Well, not normally anyway. There’s been a couple of stories recently in the Irish Examiner which feature the possibility of whistle blowing in a couple of scenarios.

It’s not really in the psyche of the Irish to “squeal” on others where we see wrong doing in action. We’ve a part of our own history where “supergrasses” don’t have too popular a history.

The first story shows that this may be starting to change – Insurance fraud hotline receives 3,500 tip-offs. However, this relates to only 272 reported cases for 2007.

The second story, Government denies involvement in alleged price-fixing probe, provides contact details for the intriguingly named Cartel Immunity Programme within the Competition Authority. According to the article:

The spokesman said in any case where people feel there are corrupt practices in place they should contact the immunity programme at 087-7631378. This would include anybody with information on tenders for government contracts.

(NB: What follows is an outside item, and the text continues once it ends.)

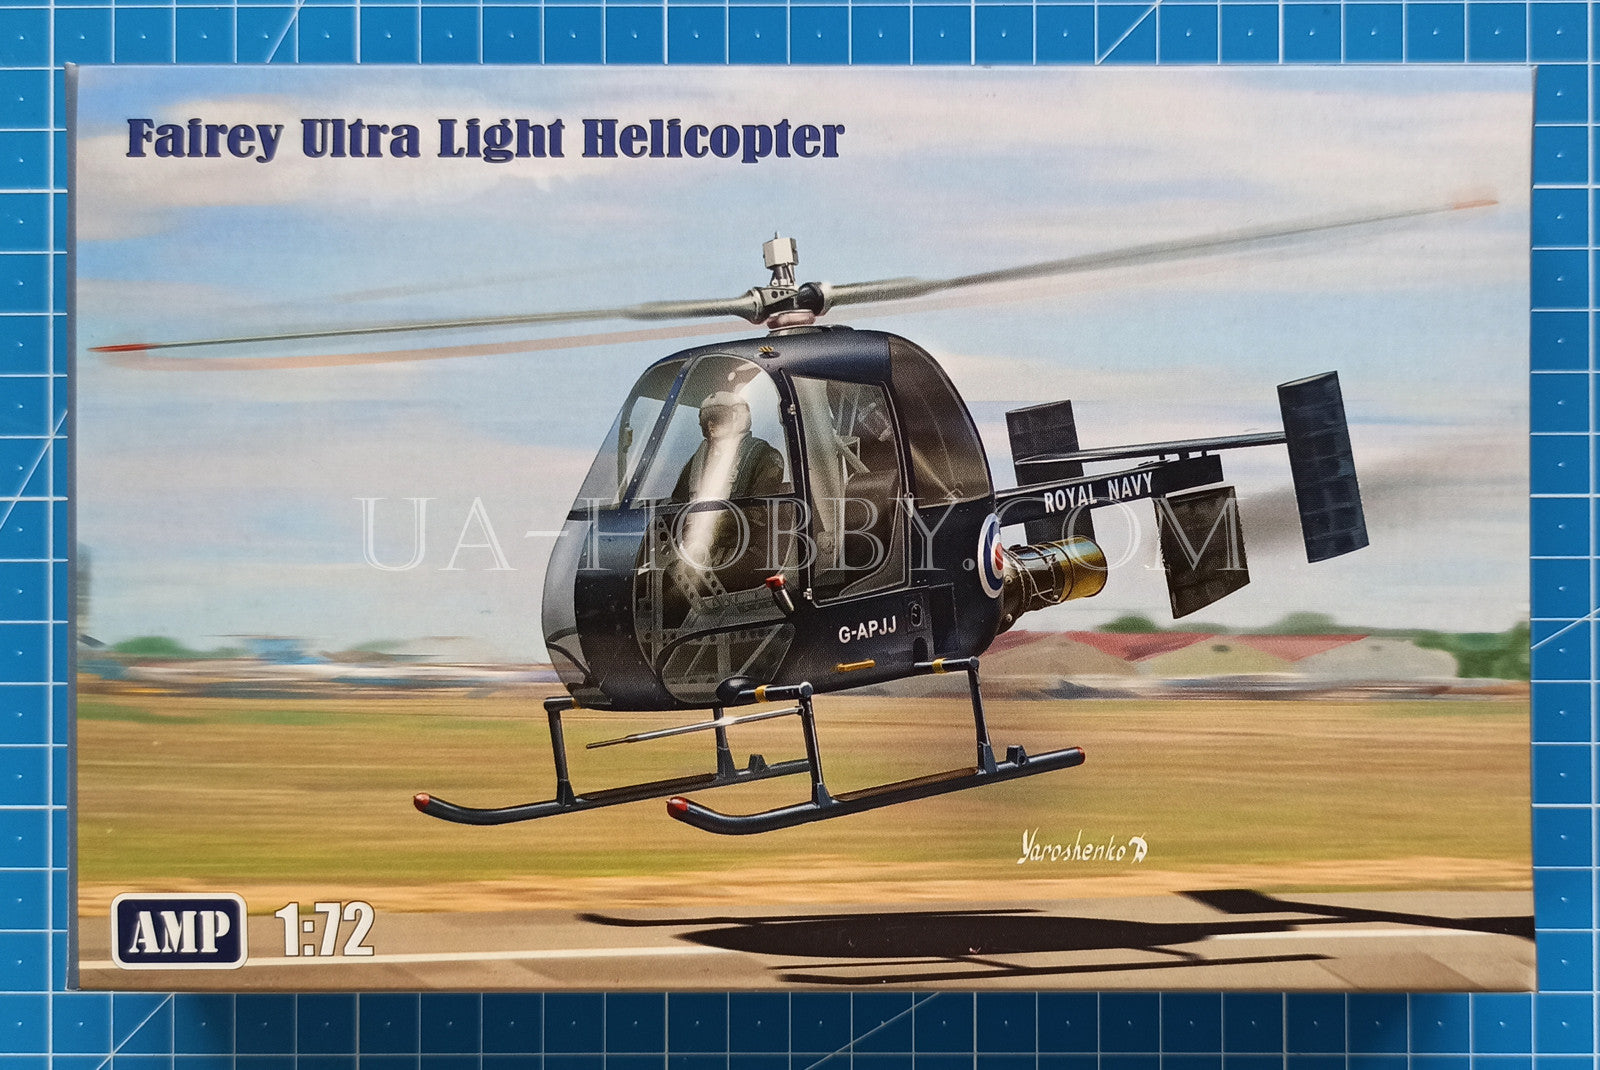 1/72 Fairey Ultra-Light Helicopter. AMP 72002

Note, this isn’t for whistle blowing in general – only where you think there may be cartels in operation. For example, if you think that there’s a cartel in operation in your town where the petrol prices in every petrol station are the same (unsuccessful in the end).

Personally, I believe that whistle blowing (responsibly) should be facilitated and encouraged. Day by day, we’ve seen there were so many dodgy things that have gone on over the past number of years in this country. You’d like to think that there were at least some honourable people looking on who could have done or said something (anonymously even) to bring these to the attention of someone who could have done something about it.

It’s just unfortunate that our current government are not really in favour of such whistle blowing – the Whistle Blowers Protection Act proposed by Labour in 1999 was finally killed in 2005, never to be seen since.

Then again, when you see the behaviour of many within Fianna Fail and their supporters over the years, they’d more than likely have been the primarily people to be brought to book if such legislation was actually in place.